Below this line is the material. Write out only its lines from the one containing "Kyoto Sandals Black, made" through the one containing "Select Artificials Magnolia", both kept, exactly.

### INPUT DATA
---
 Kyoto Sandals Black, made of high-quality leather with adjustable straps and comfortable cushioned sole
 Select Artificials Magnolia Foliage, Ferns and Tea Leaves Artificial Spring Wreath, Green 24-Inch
---
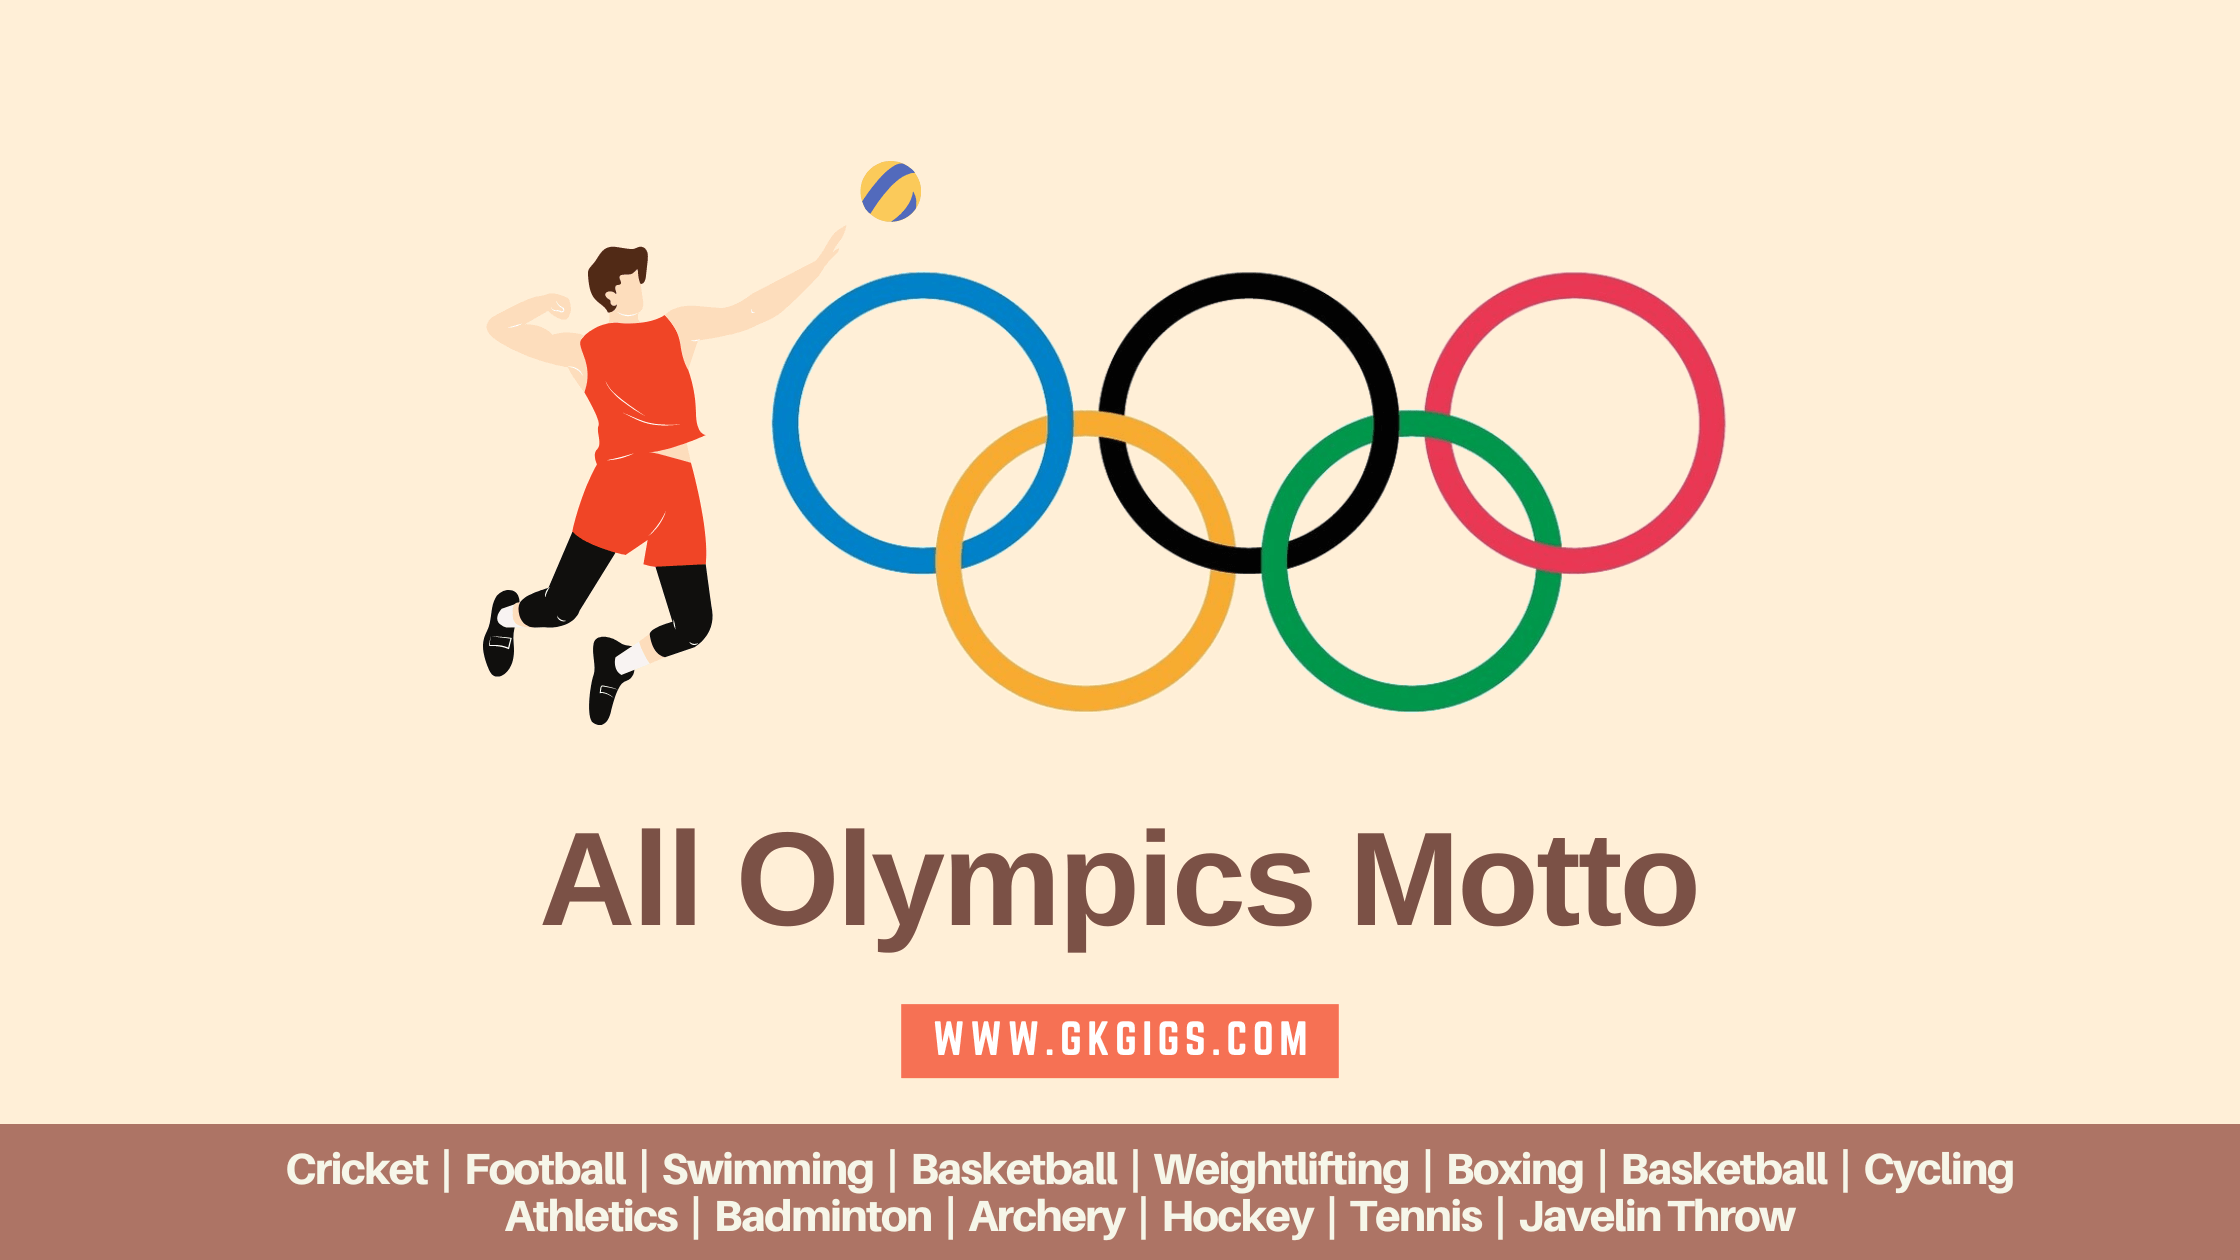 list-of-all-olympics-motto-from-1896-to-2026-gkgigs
---
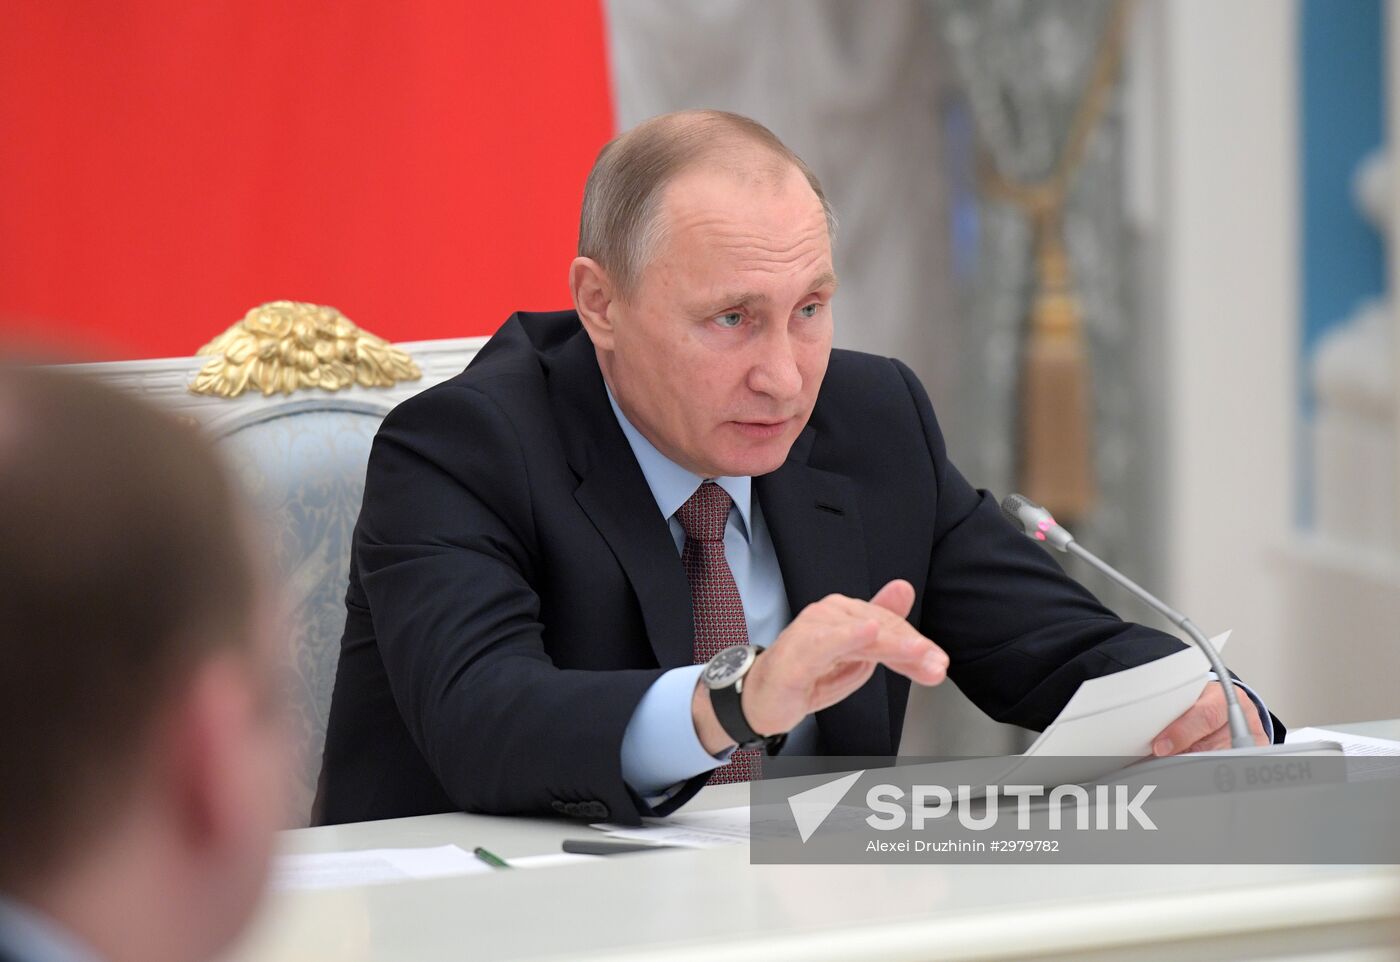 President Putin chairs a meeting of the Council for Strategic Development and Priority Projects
---
### ANSWER
 Kyoto Sandals Black, made of high-quality leather with adjustable straps and comfortable cushioned sole
 Select Artificials Magnolia Foliage, Ferns and Tea Leaves Artificial Spring Wreath, Green 24-Inch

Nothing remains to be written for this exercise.